Updated April 10, 2023
Introduction to Lua userdata
The Lua userdata represents arbitrary C/C++ data that can be used from within Lua. The userdata is one of the basic types in Lua, it allows arbitrary C/C++ data to be stored in Lua variables. The value of the userdata is a pointer to the block of raw memory. In simple to hold data that are useful from c and which should be managed from Lua, they are used. They have key features their individual metastable that binds C or C++ objects to Lua. We can populate its metatable by using the C/C++ methods, they can access, modify and or use the contents of the userdata.

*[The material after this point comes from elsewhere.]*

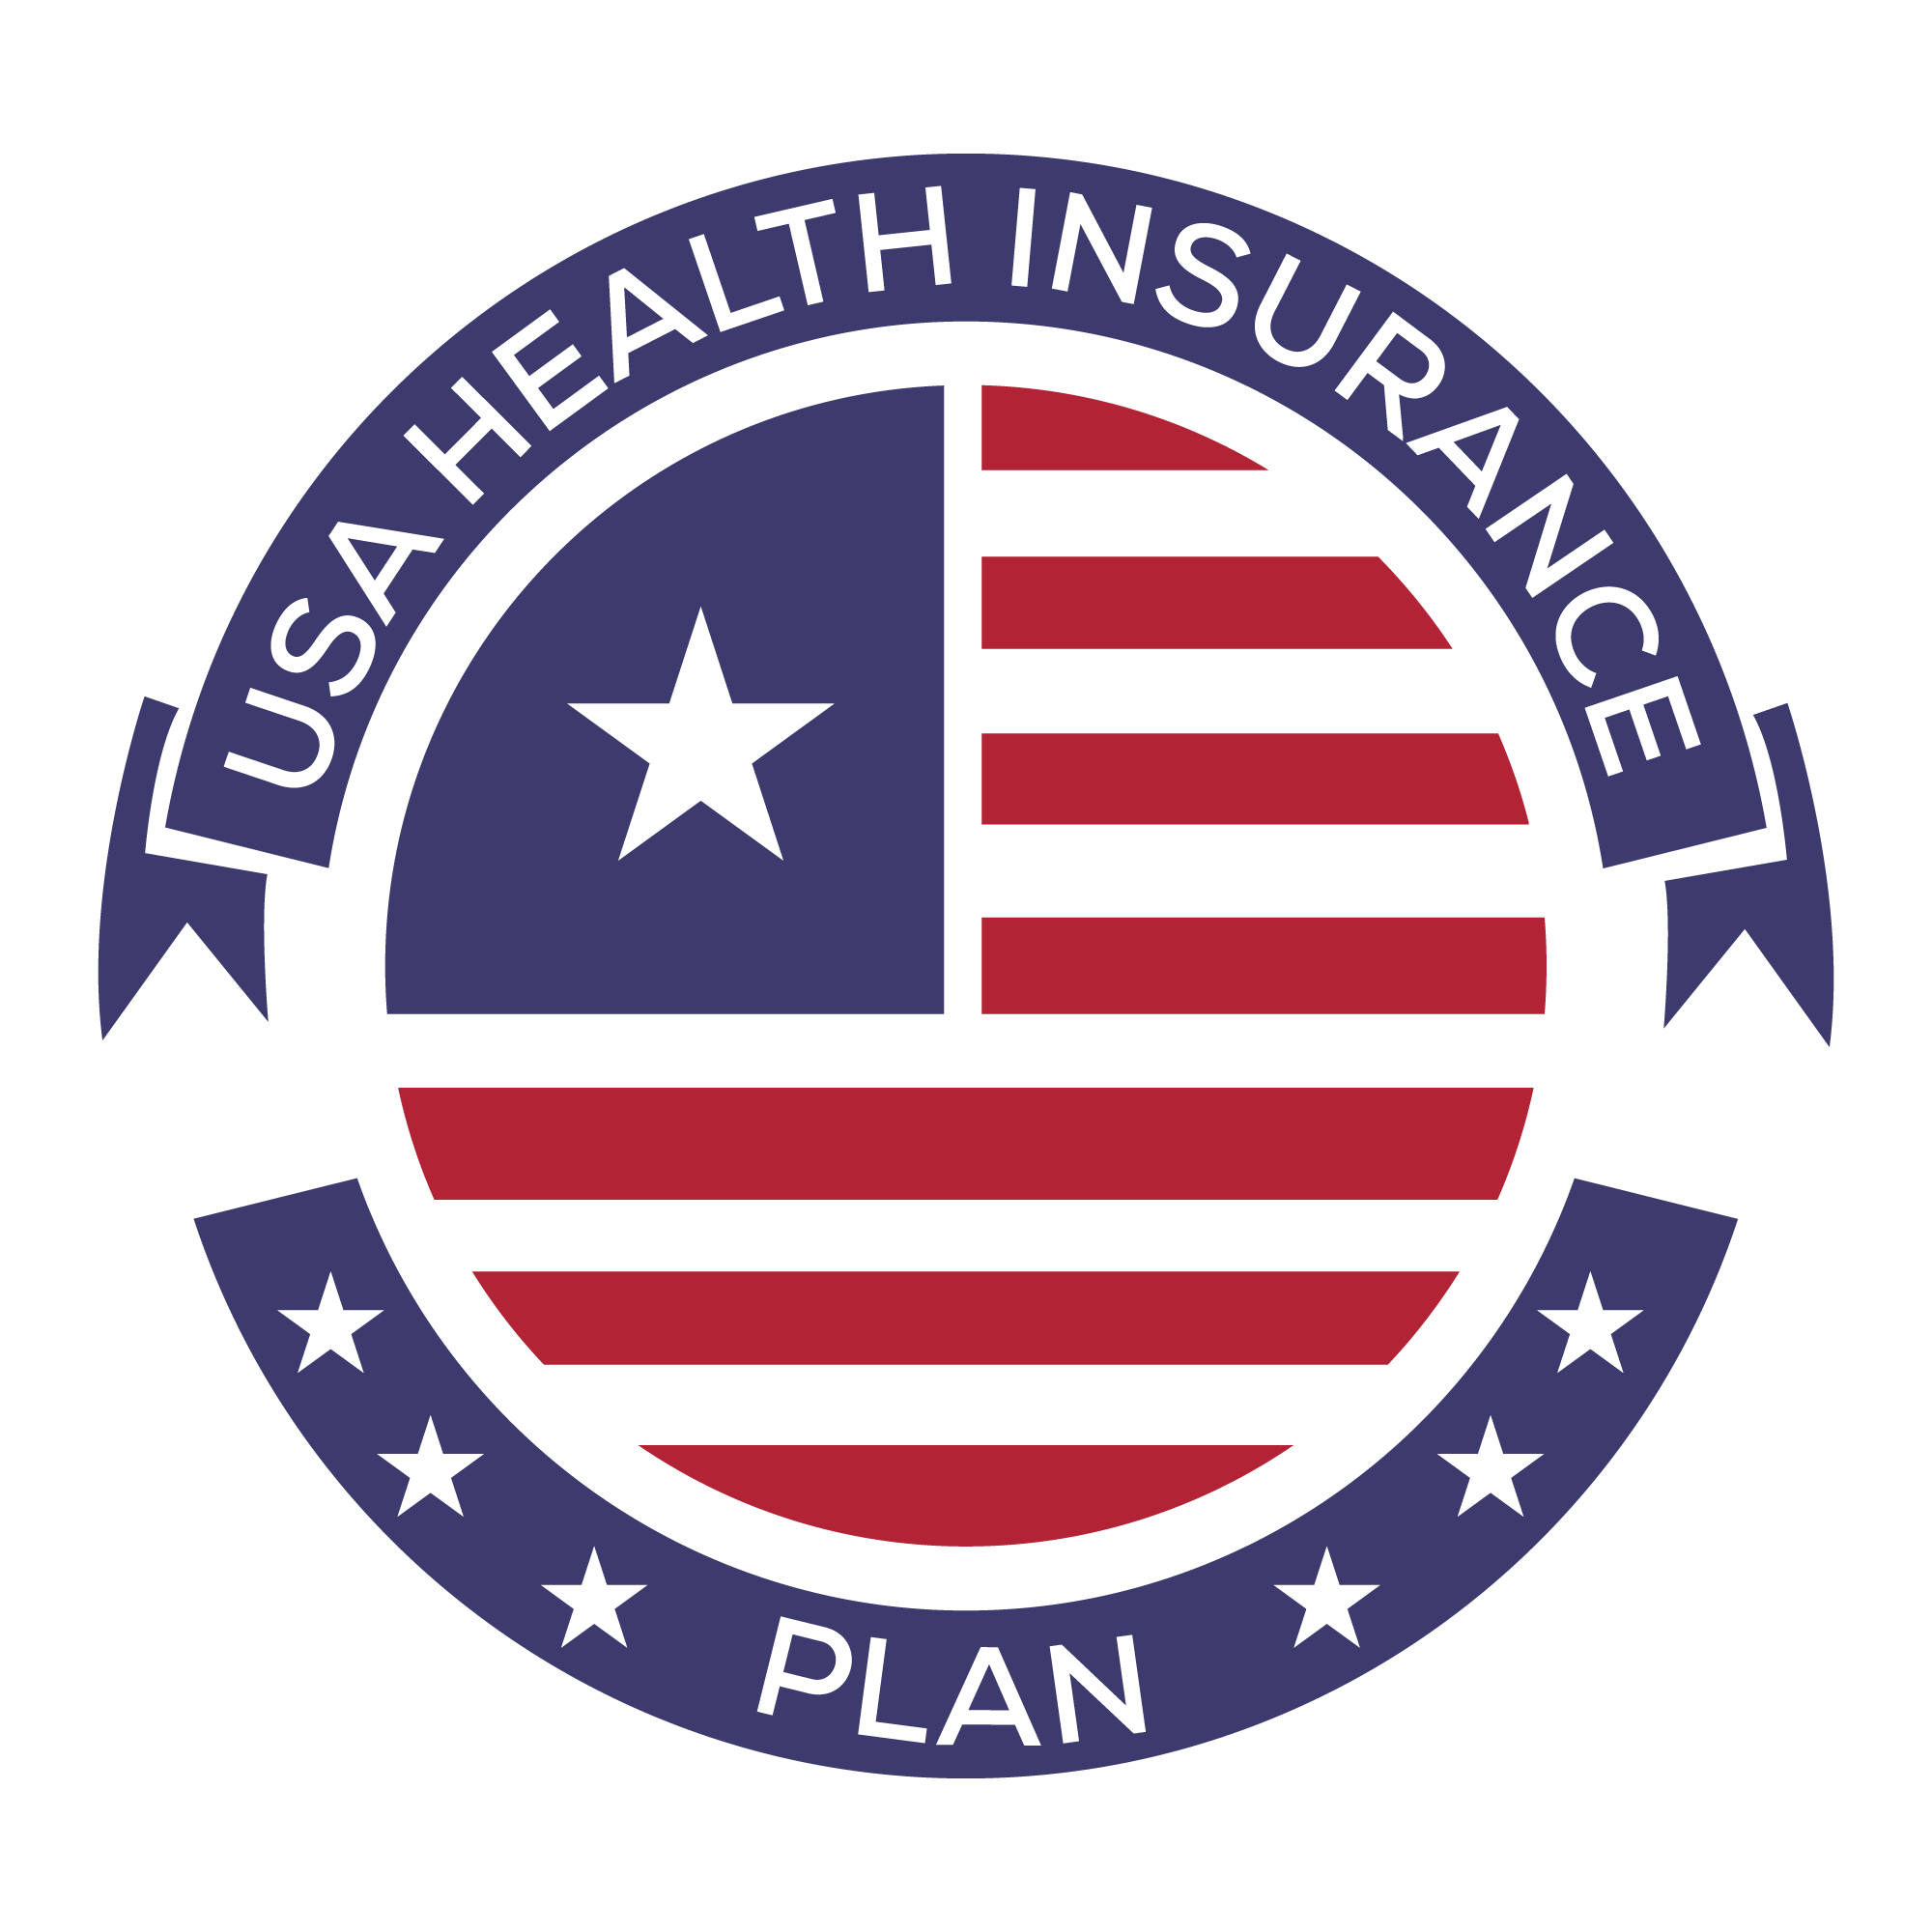 Professional & Courteous! USA Health Insurance Plan was excellent to deliver varied insurance options for myself and my spouse. Chris took the extra time to ensure we were properly matched in the marketplace. I would definitely recommend USA Health Insurance Plan to my colleagues and friends. Chris was professional, courteous and personable to meet our individual needs. Get information on health insurance, including Medicaid, Medicare, and find help paying for medical bills.  You've financed your own company's growth through years of dedication and effort; what can you say about yourself? You're a self-reliant hard worker, who resists being told how to live your life. And now it's time to ensure that your prized possession is protected - from unexpected expensive medical bills. Health insurance is a financial agreement guaranteeing the health insurance company will cover the cost of your medical expenses so that you and your business don't have to. Health Information from the Government Learn about the coronavirus pandemic and how to get the COVID-19 vaccine. Use the Medline Plus search tool to answer your medical questions, find information for seniors, visit sites covering issues like Alzheimer’s, vaccines, and rare diseases, discover caregiver support resources. Most small business owners overpay on both monthly premiums and in out of pocket expenses on their current health insurance. USA Health Insurance Plans significantly reduce the cost of self employed health insurance plans. We match you to the right agent, the right carrier, and the right network to make sure not only that you and your business save money but so that you have protection you can rely on for decades to come.  Quick Approval! USA Health Insurance Plan was a blessing for all matters health insurance. Michelle is knowledgeable and communicative. I didn't know where to look for off market insurance. I got approved for a policy very quickly with her help. Highly recommended!  Helpful Information! USA Health Insurance Plan was amazing! Linda explained everything so thoroughly and made it all so simple. It was so easy to get signed up and I knew exactly what I was getting compared to other reps I had spoken to through different companies. I highly recommend her!

For example, io library that has C FILE * pointers in userdata through which it provides bindings to its methods lie write, read methods. The io library ensures that one of its file objects closes an association FILE * by Implementing the __gc metamethod when it is collected.
Note – There are two kinds of userdata.
- Light userdata- Here the block of memory is managed by the host.

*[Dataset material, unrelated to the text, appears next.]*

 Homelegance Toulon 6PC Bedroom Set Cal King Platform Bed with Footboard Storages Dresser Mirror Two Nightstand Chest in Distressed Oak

- Full userdata – Here the block of memory is managed by Lua.
We can create a userdata from C/C++ API, using the lua_newuserdata() method, that creates and push userdata to the stack and return the pointer to its content to initialize it.

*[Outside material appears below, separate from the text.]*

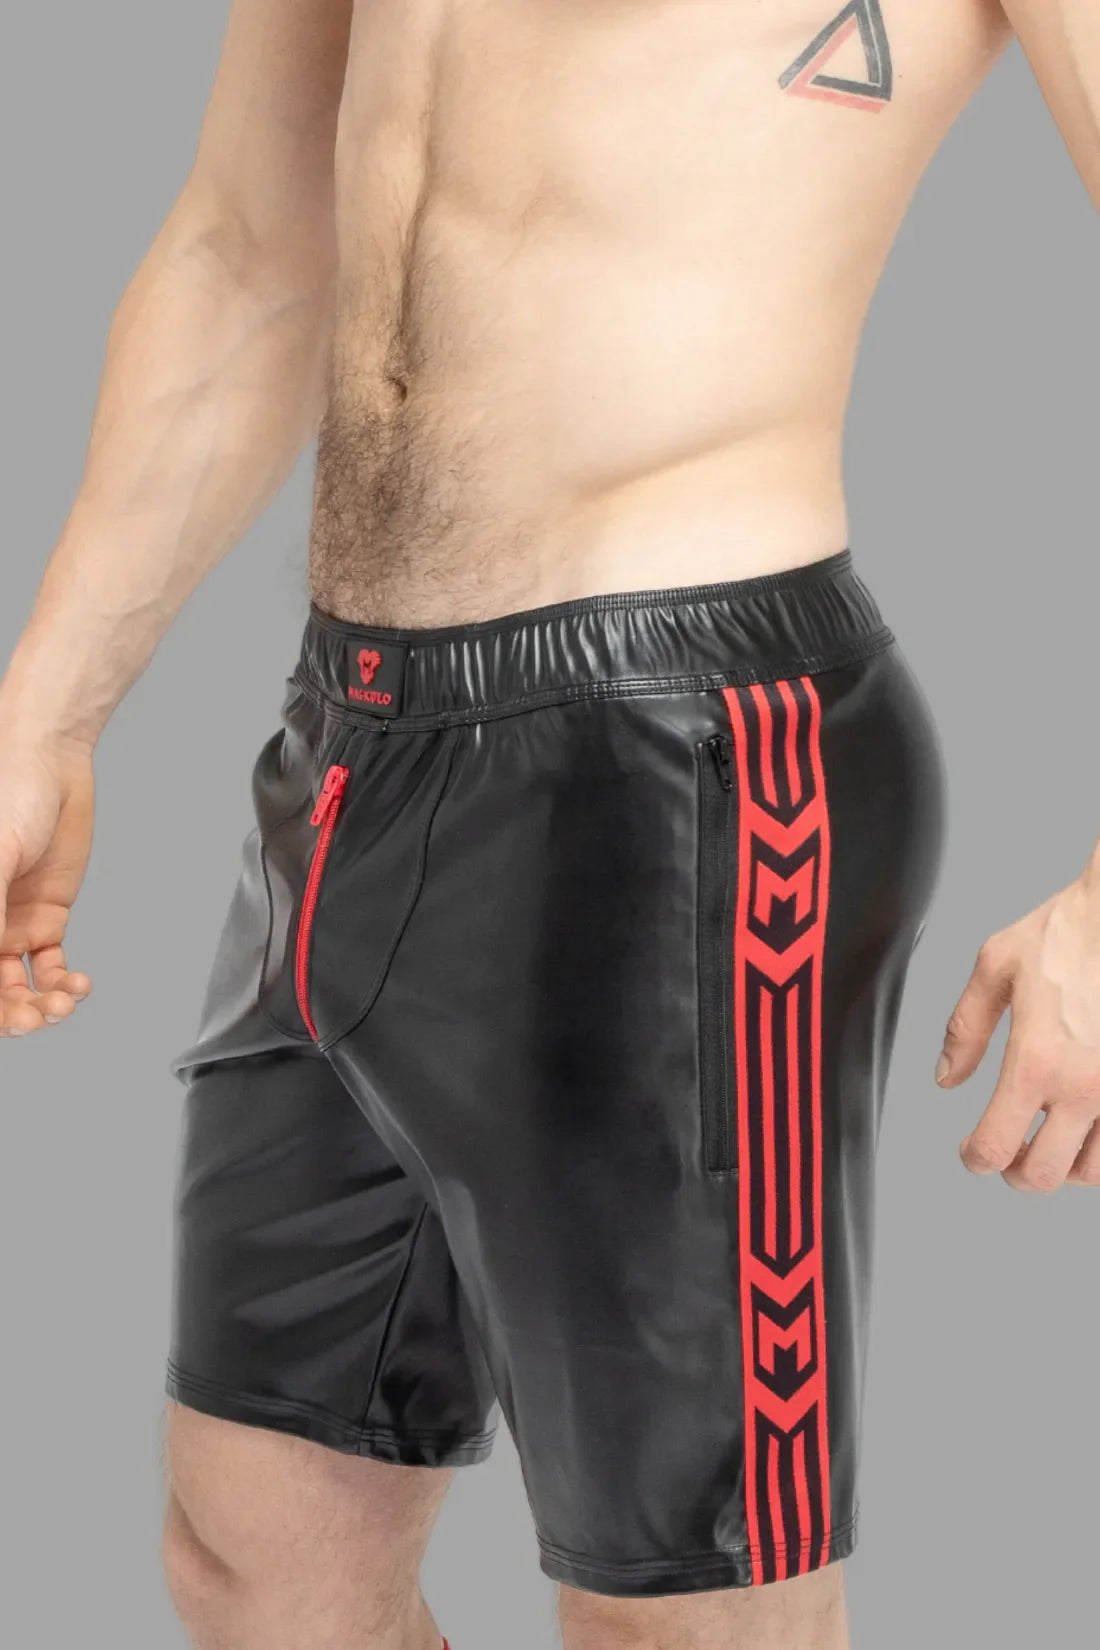 Skulla. Leatherette Soccer Shorts. Black and Red

Working of the userdata type in Lua programming
The userdata which represents an arbitrary C/C++ data that can be used in variable, that means the data which is created in C/C++ can be access in the program. The userdata can be created by using the lua_newuserdata() function, it creates the block of memory of the specified size then push the userdata on the stack and gives the address of the block, So this userdata we can access in the program by calling the defined functions in C/C++.
Examples
Example of userdata type in Lua programming to show how to create the userdata in C++ –
Program Example #1
#include <memory>
#include <stdio.h>
#include <string>
#include <stdlib.h>
extern "C" {
#include <lua.h>
#include <lauxlib.h>
#include <lualib.h>
}
namespace {
void PushSimpleValue(lua_State* lua, int value) {
// Creating userdata value which will be shared between C++ and Lua.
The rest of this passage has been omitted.